Иногда были слышны другие звуки: смех монахинь, клириков, братьев и остальных слушателей летней школы, которые с удовольствием смотрели кинофильмы в здании Алюмни-Холл[467] по другую сторону рощи. Фильмы показывали каждый вторник.
Во вторник вечером весь кампус пустел, а Алюмни-Холл заполнялся до отказа. Я, наверно, был единственный, кто не ходил в кино, да еще мальчик на телефонном коммутаторе в спальном корпусе. Он был вынужден остаться, ему за это платили.

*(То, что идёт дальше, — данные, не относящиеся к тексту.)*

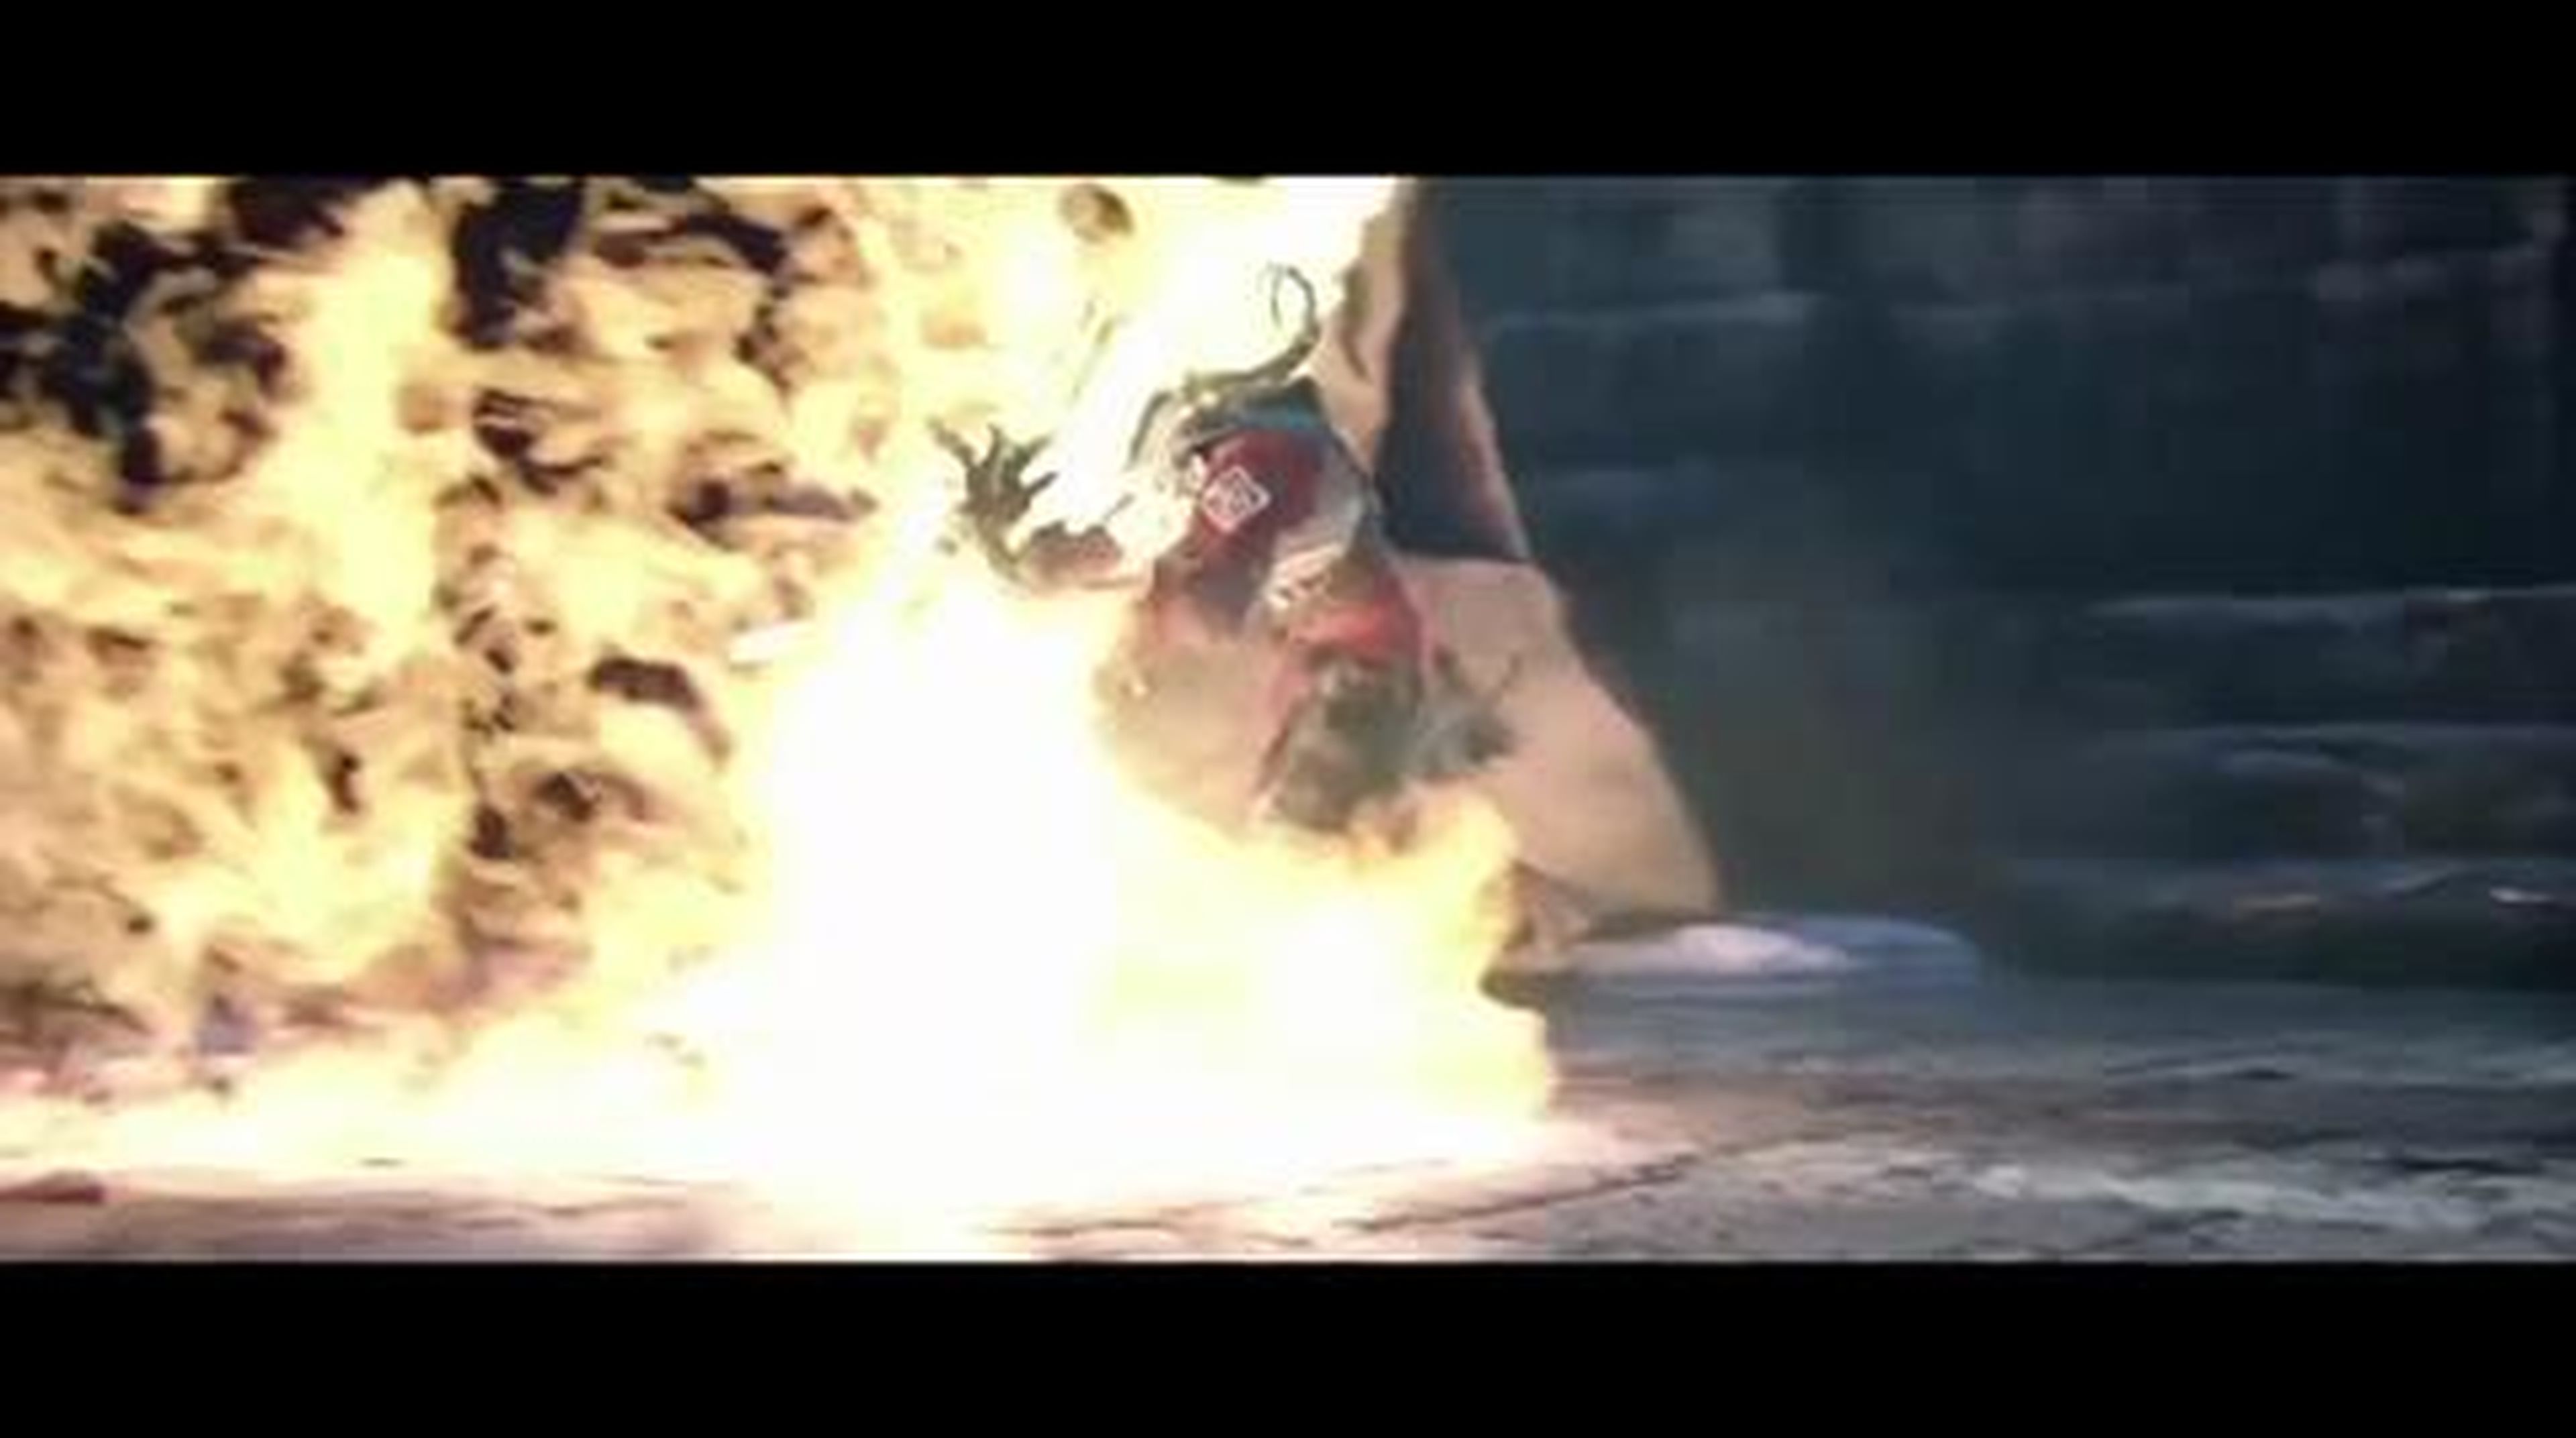 Dragon Age 2 Trailer
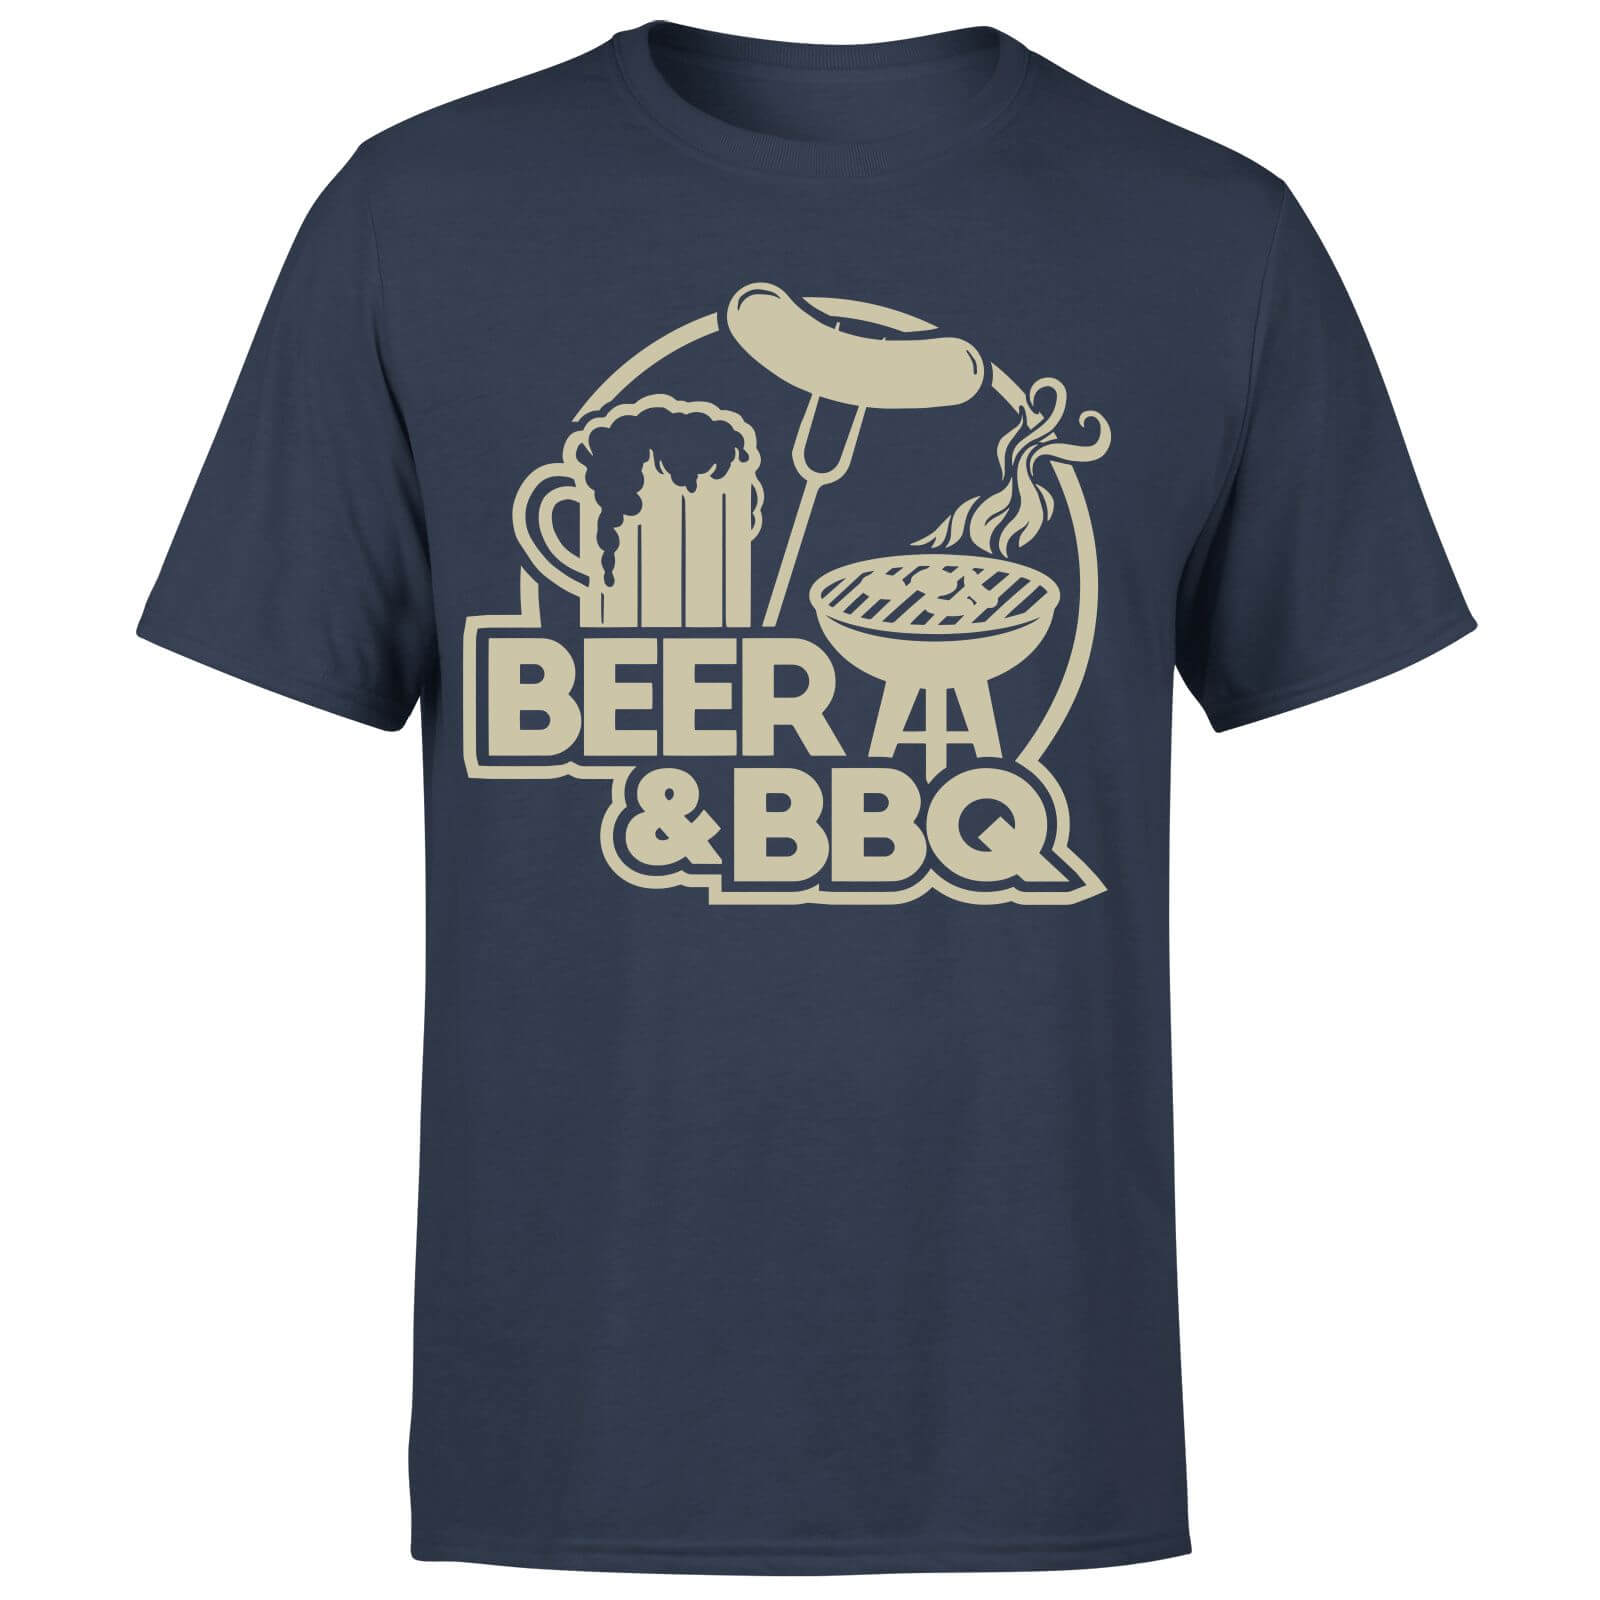 Beer & BBQ Men's T-Shirt - Navy - L

Даже мой друг отец Филофей, который занимался изданием рукописей четырнадцатого века, разбирал со мной путь св. Бонавентуры к Богу по Itinerarium и изучал сочинение Скота De Primo Principio, ходил в кино в надежде, что покажут что-нибудь легкое. Но как только комедии заканчивались, он уходил. В драмах и приключениях он толку не видел.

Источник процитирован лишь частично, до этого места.